The developments listed above are by no means comprehensive. For example, we also expect to see continued investment in allogeneic cell therapy and rapid growth in the Chinese cell and gene therapy pipeline. But they demonstrate clear advancements — from exploring new mechanisms to expanding to new diseases to accelerating in new geographies and setting critical precedents in the path to commercialization.

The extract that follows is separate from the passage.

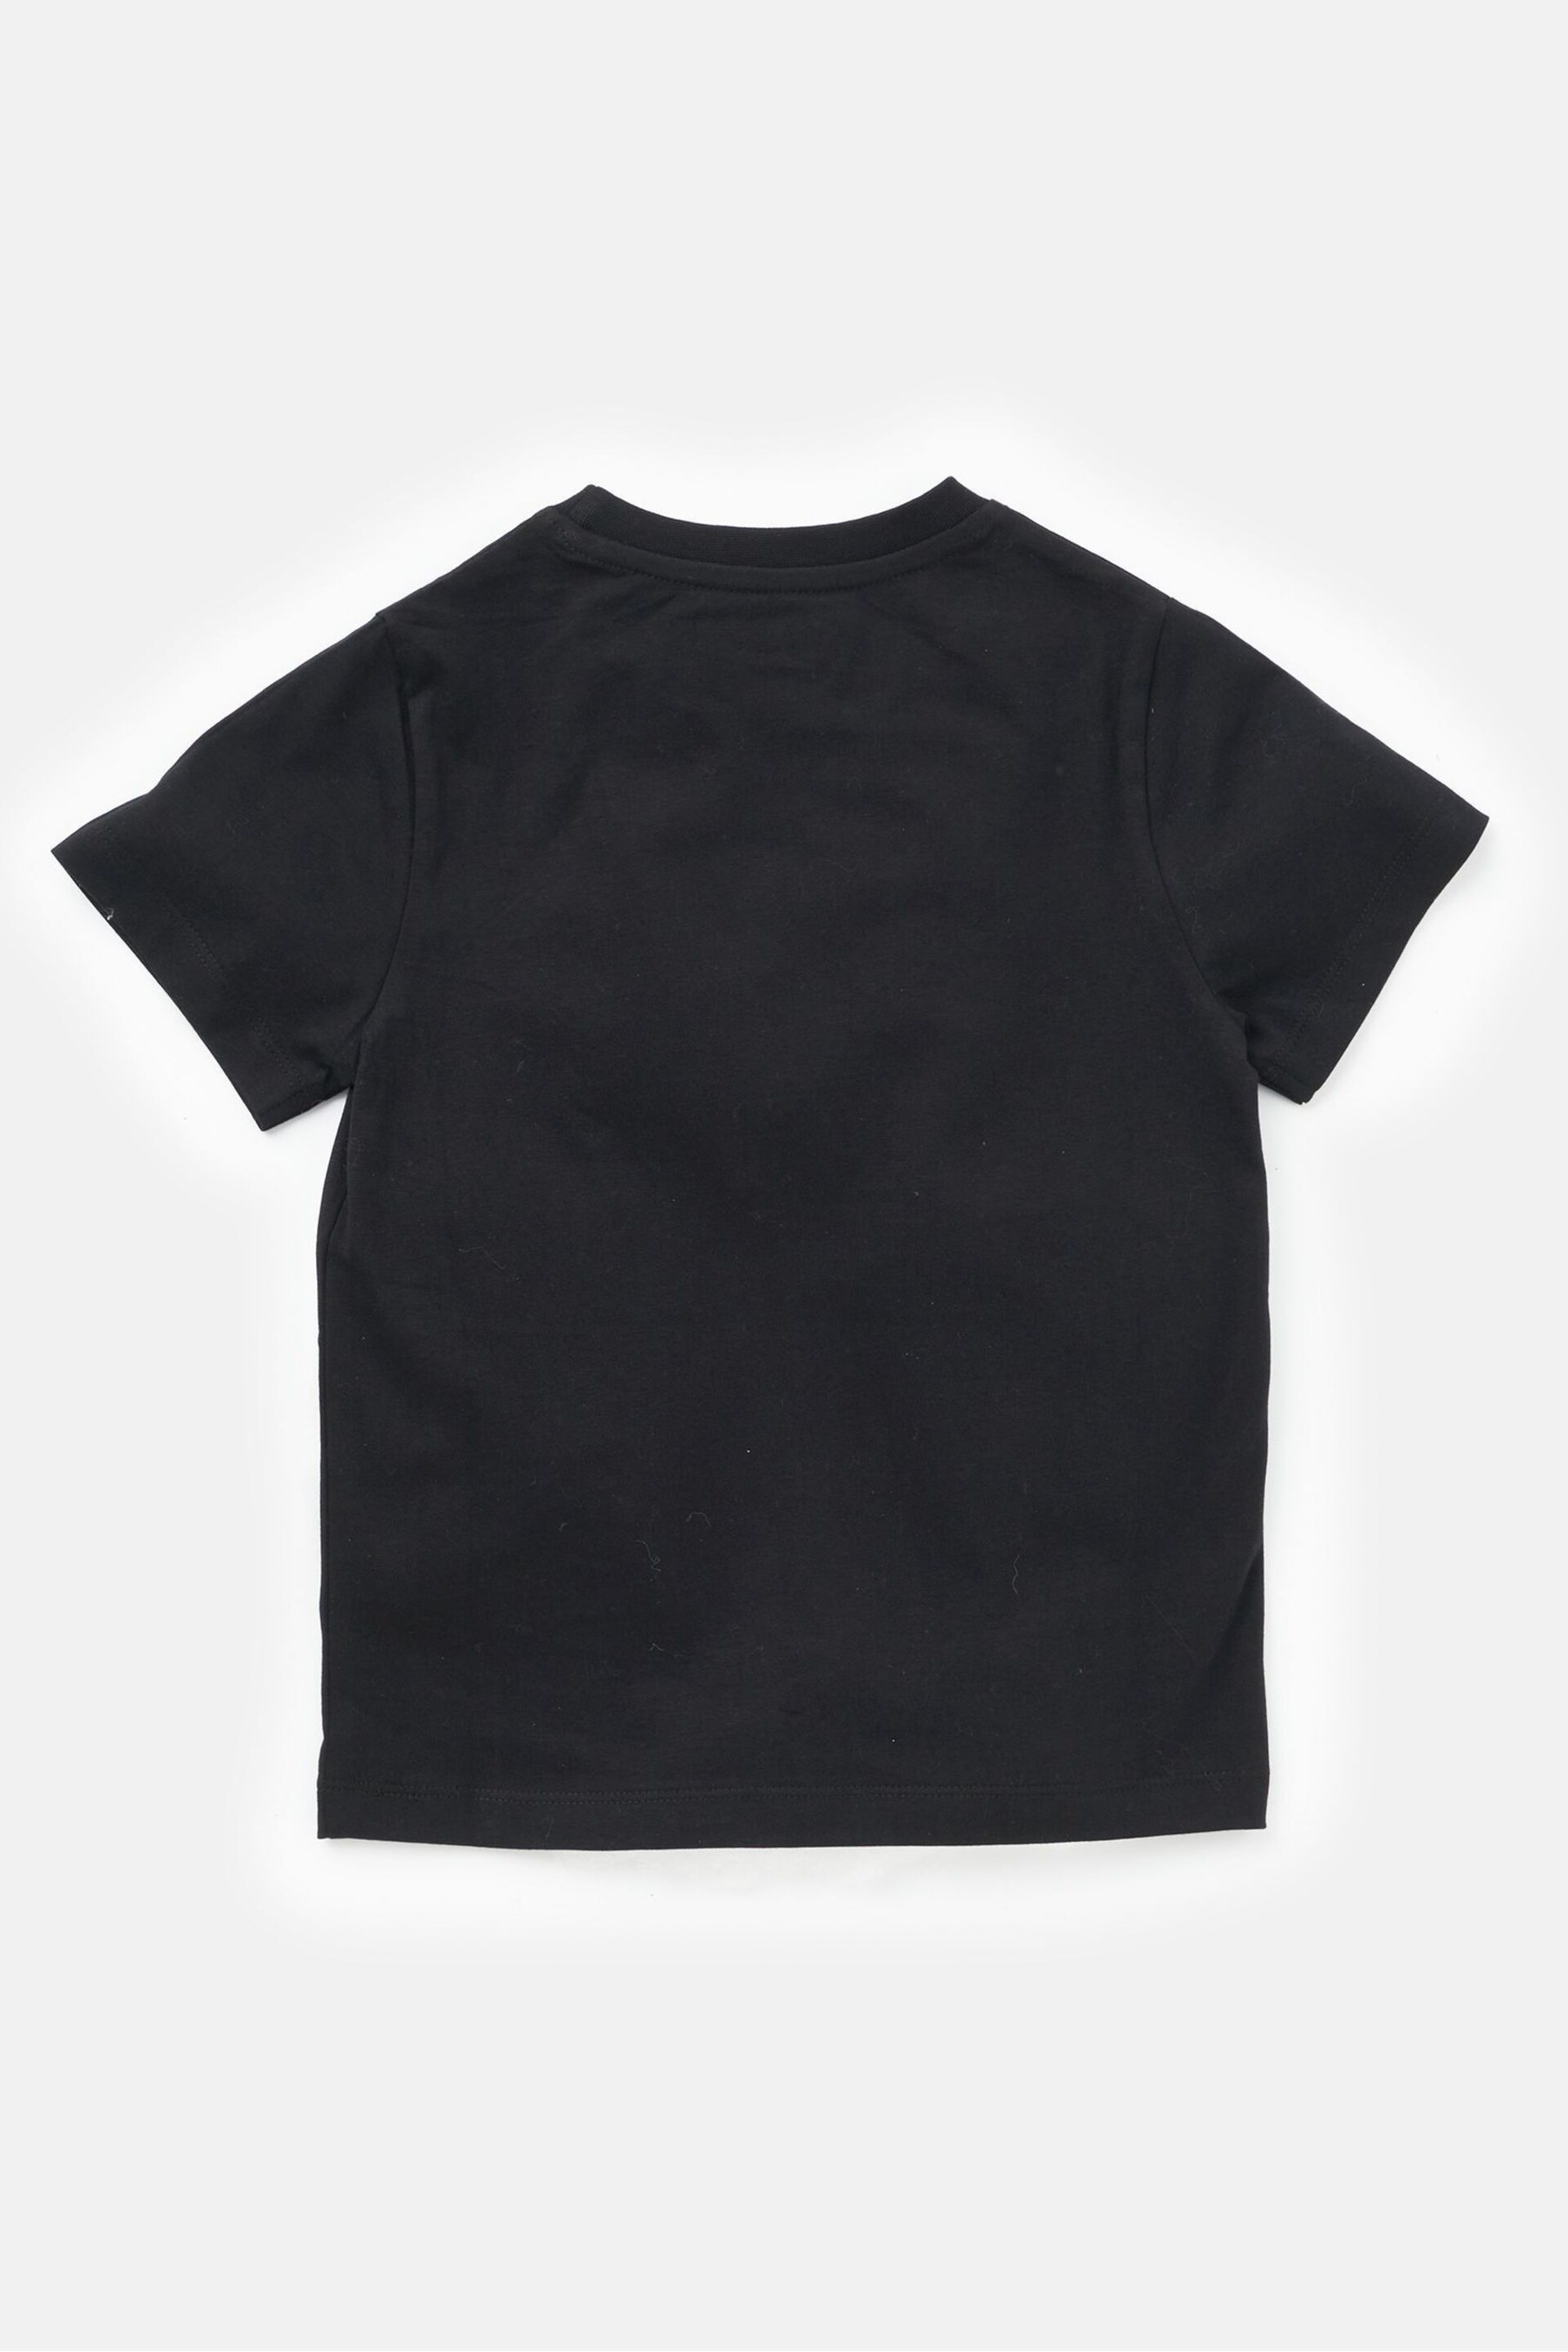 Angel & Rocket Black Sonic Short Sleeve T-Shirt - Image 4 of 5

Continued global pricing pressure
Governments, payers and consumers continue to place pressure on drug prices across the globe. In the U.S., pharmacy benefit managers (PBMs) and payers are negotiating more significant discounts, with declining net prices since 2018 despite list price increases (see Figure 1). Payers also are continuing to restrict coverage of therapies they deem too expensive; the Centers for Medicare & Medicaid Services’ (CMS) recent proposed coverage restriction of Aduhelm to clinical trial patients is just one example. Pricing pressure may also come from new competitors within the industry. EQRx, the first of a potential wave of companies with disruptive “low-cost, me-too” strategies, intends to price its therapies 50%-70% lower than competitors’ pricing. It has assembled a pipeline of at least five clinical assets and has partnerships or memoranda of understanding (MOUs) with CVS Health, Geisinger, Blue Shield of California, BlueCross BlueShield of North Carolina, Horizon and NHS England. The timing of its first filings remains to be seen, as their current pivotal trial data for two lead assets is from Chinese studies and U.S.-based studies are planned to begin this year. Additionally, the biosimilar pipeline is accelerating and may soon provide increased competition to numerous blockbuster franchises.